→ SUPPLIED MATERIAL
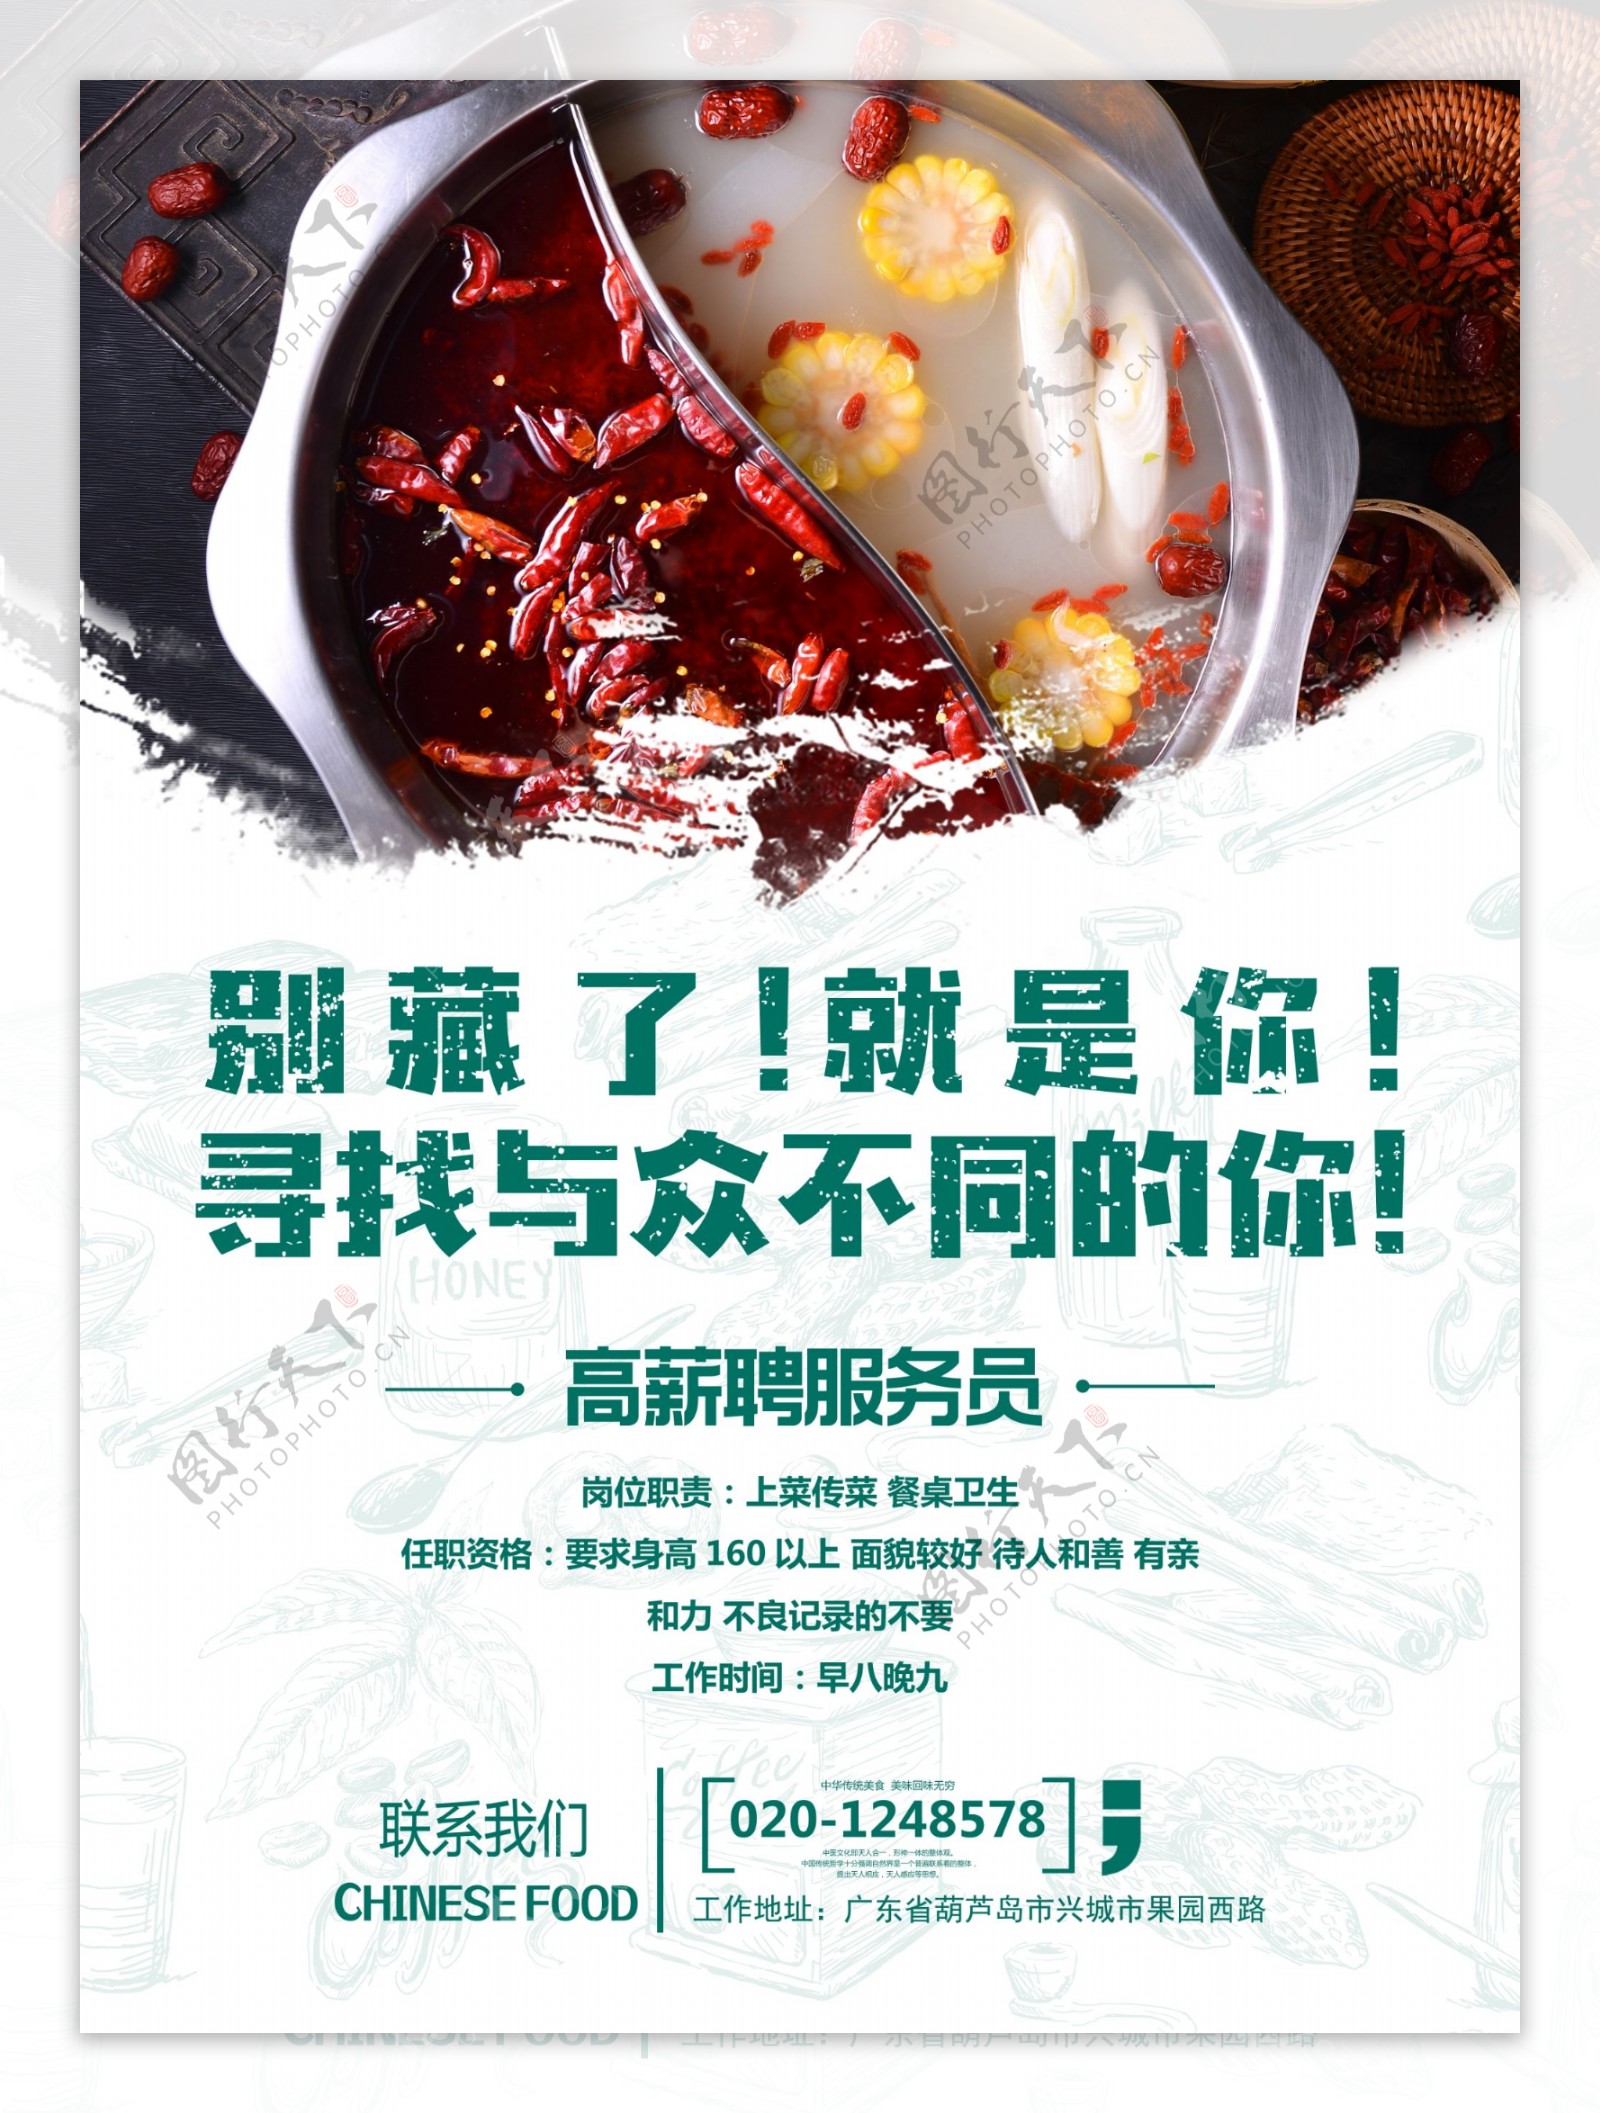 中国风火锅店餐饮美食招聘海报创
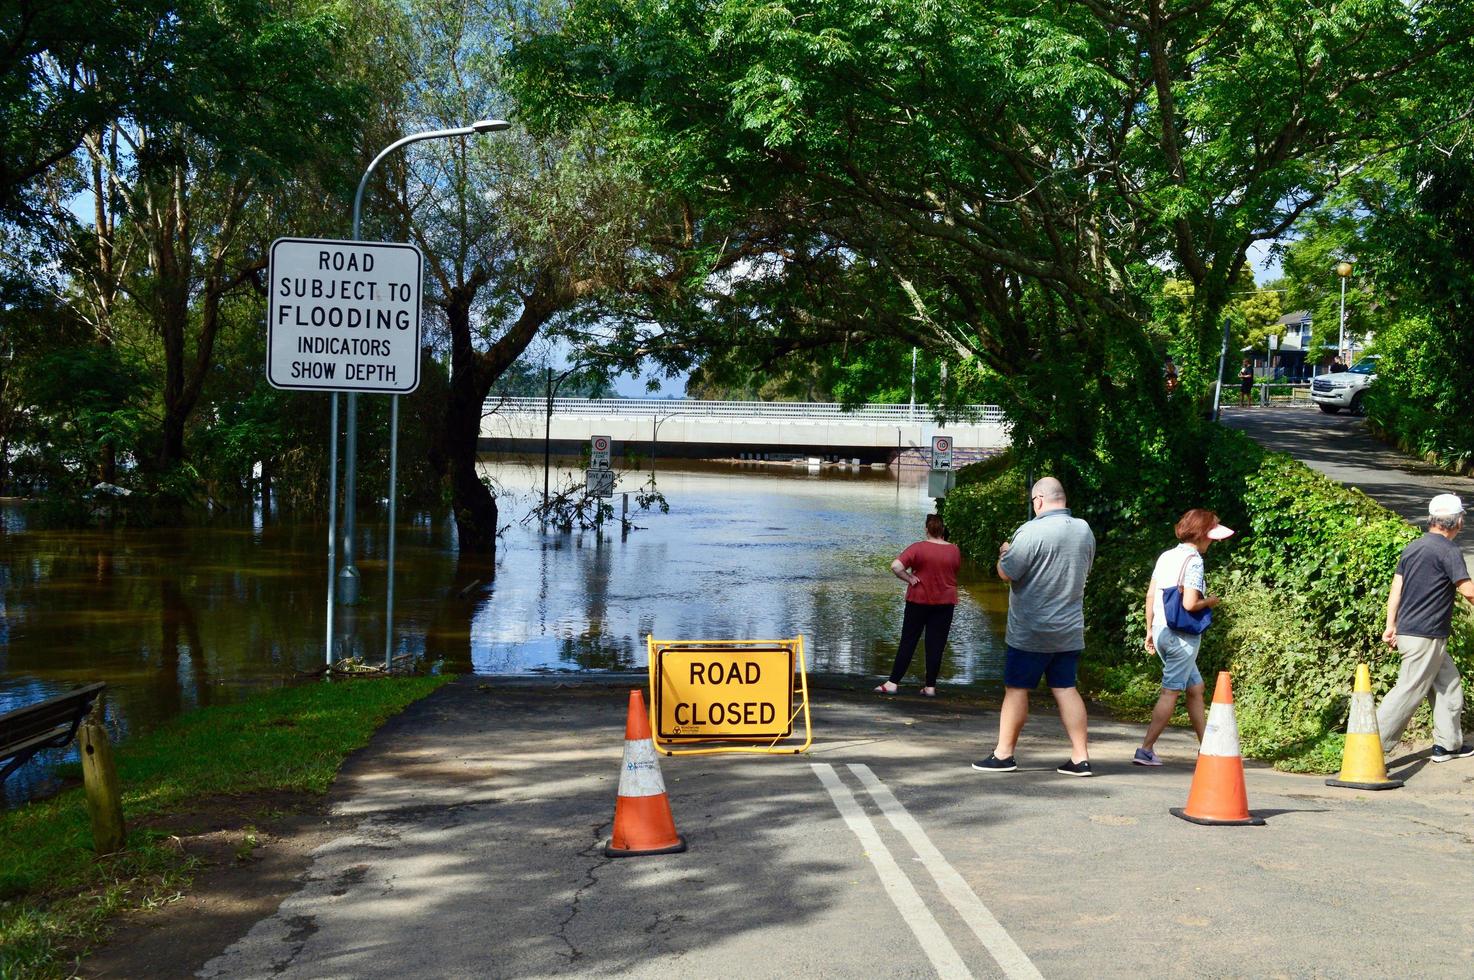 estrada cortada por inundações em windsor oeste de sydney austrália foto
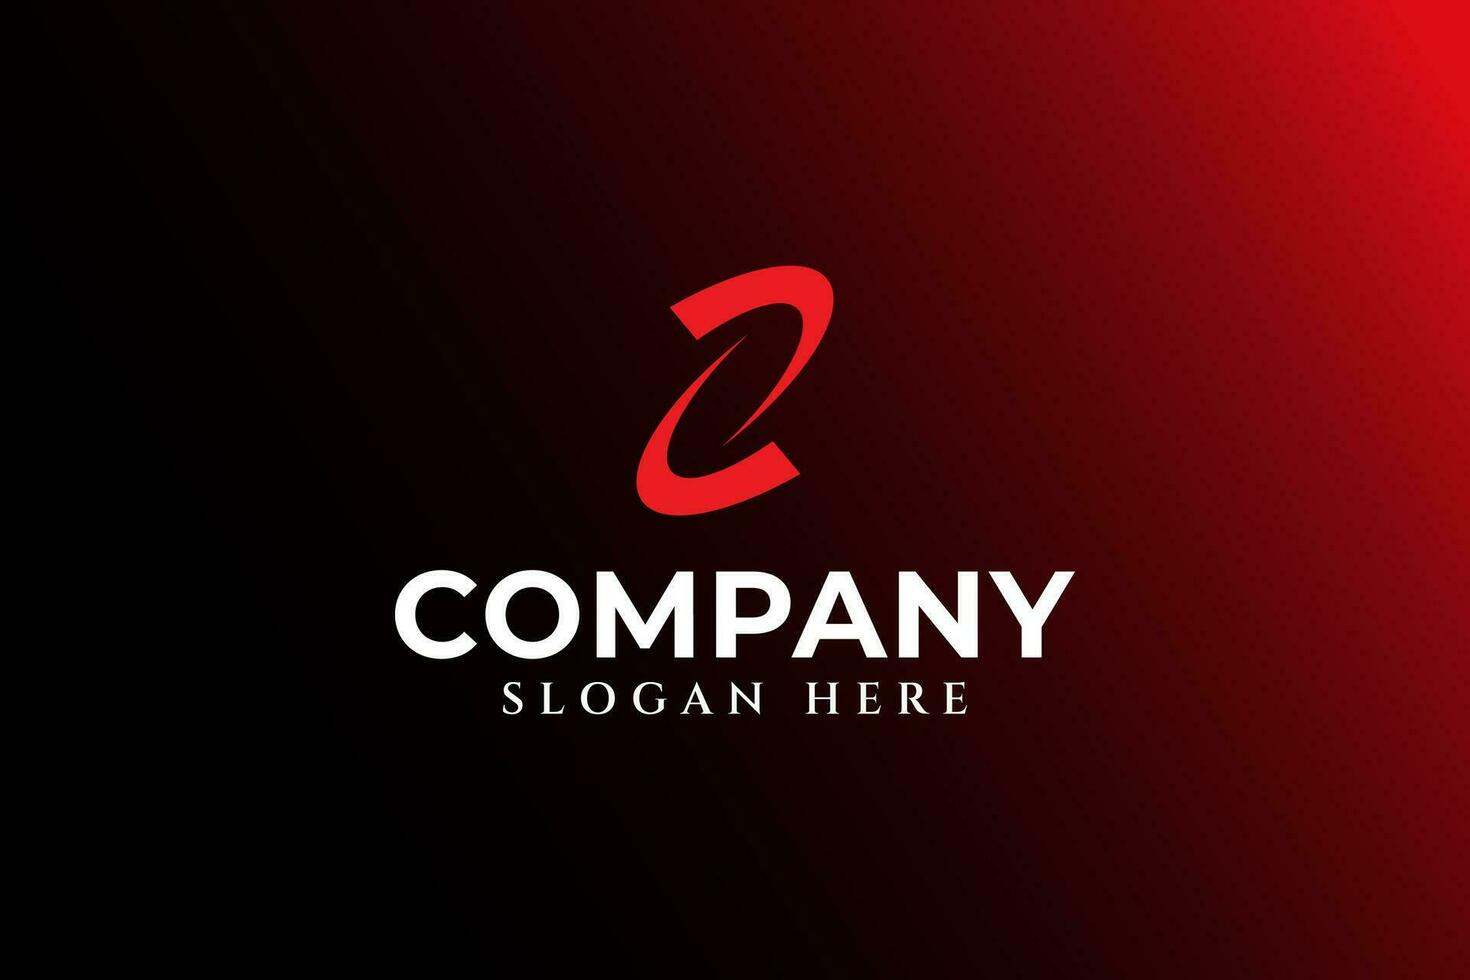 carta z com galáxia conceito logotipo Projeto para profissional o negócio companhia vetor

→ TASK DETAILS
Could you return the listing above exactly, minus its pictures?

→ RESPONSE TO THE EXERCISE
 中国风火锅店餐饮美食招聘海报创
 estrada cortada por inundações em windsor oeste de sydney austrália foto
 carta z com galáxia conceito logotipo Projeto para profissional o negócio companhia vetor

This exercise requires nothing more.